This entire thread has been a game-changer for me too! I'm relatively new to investing and had some significant losses in 2023 that I'm carrying forward - about $14,500. Like everyone else, I was completely confused about how these carryovers actually work in practice. What's been most eye-opening is realizing that capital gains actually HELP you use up your loss carryovers faster, not slower. I had been avoiding taking any profits this year because I thought it would somehow interfere with my ability to claim the full $3,000 deduction. Turns out that's completely backward! Reading through all these examples, especially seeing how losses first offset gains with no limit before the $3,000 rule even kicks in, has completely changed my investment strategy. I actually have about $5,000 in unrealized gains right now that I was hesitant to take, but now I understand that taking those gains would let me use $5,000 of my carryover losses PLUS still get the full $3,000 against my ordinary income. This community really shows the power of people sharing their real experiences and confusion. Sometimes these complex tax rules make so much more sense when explained by regular people dealing with the same situations rather than trying to decode IRS publications. Thank you all for such a thorough and helpful discussion!
This thread has been absolutely incredible! As someone who's been lurking in this community for a while but never posted, I finally had to jump in because this exact situation has been driving me crazy for months. I have about $19,000 in capital loss carryovers from some really poor investment decisions in 2022-2023, and I've been so confused watching TurboTax apply way more than $3,000 of them this year. Like literally everyone else here, I was convinced there was some kind of software error because I "knew" you could only use $3,000 per year, period. Reading through all these explanations - especially the clear breakdown that losses first offset capital gains with NO LIMIT, and only then does the $3,000 cap apply to ordinary income - this has completely blown my mind. I actually have about $8,000 in capital gains this year from some recovery in my tech stocks, so TurboTax was correctly using $8,000 of my carryover losses against those gains, plus allowing another $3,000 against my regular income. What really gets me is that I've been beating myself up thinking I was somehow "wasting" my loss carryovers by having gains this year. Turns out having those gains is actually helping me use up the carryovers more efficiently! Instead of taking 6+ years to exhaust them at $3,000 annually, I'm using $11,000 in just one year. This community is amazing for helping people understand these complex rules through real examples and shared experiences. Thank you all for such patient and thorough explanations - you've saved me from making some seriously bad investment decisions based on my misunderstanding!
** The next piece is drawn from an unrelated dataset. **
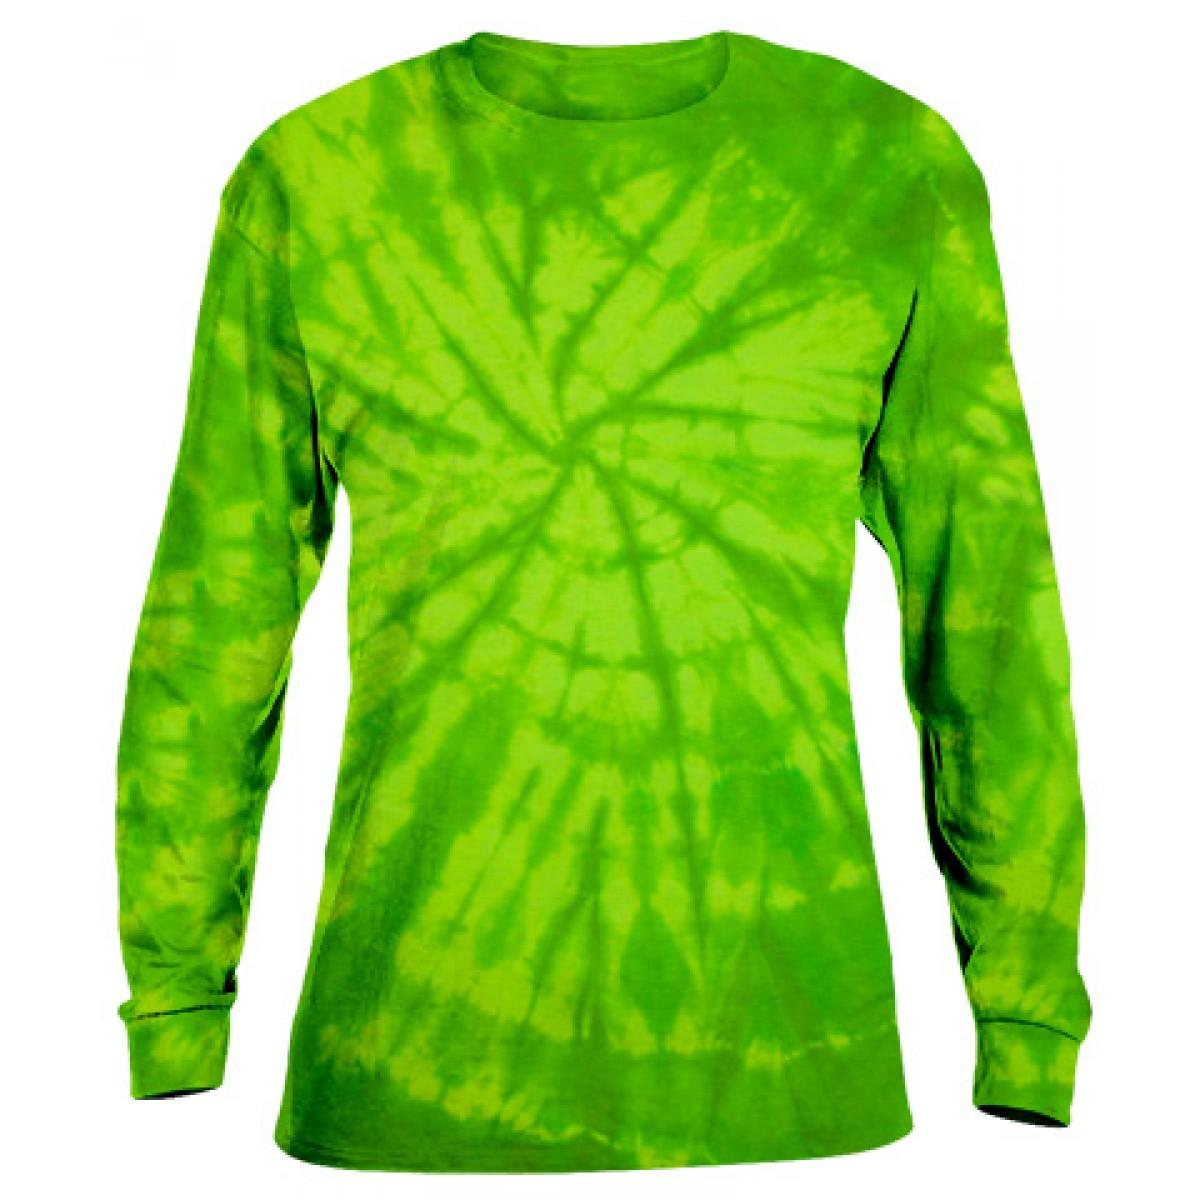 Tie-Dye Long Sleeve Shirt -Lime Green-YL

This has been such an enlightening thread for all of us! I'm also new to dealing with capital loss carryovers and had the exact same confusion. I've been carrying forward about $12,000 in losses from some bad stock picks in 2023, and when I saw TurboTax applying more than $3,000 of them this year, I was convinced something was wrong. Like everyone else here, I had completely misunderstood how the system works. I thought the $3,000 was a hard cap on ALL loss usage, not realizing it only applies to losses used against ordinary income. The explanation that losses first offset capital gains dollar-for-dollar with no annual limit has been a total revelation. I actually have about $4,000 in capital gains this year from some investments that recovered, so now I understand that TurboTax is correctly using $4,000 of my carryover losses against those gains, plus the full $3,000 against my regular income. That's $7,000 of my $12,000 carryover used in one year - much faster than the 4 years I was expecting! This thread really shows how valuable community knowledge sharing is. Sometimes complex tax rules are much clearer when explained through real examples by people dealing with the same situations. Thanks to everyone for taking the time to share their experiences and help newcomers like me understand these tricky concepts!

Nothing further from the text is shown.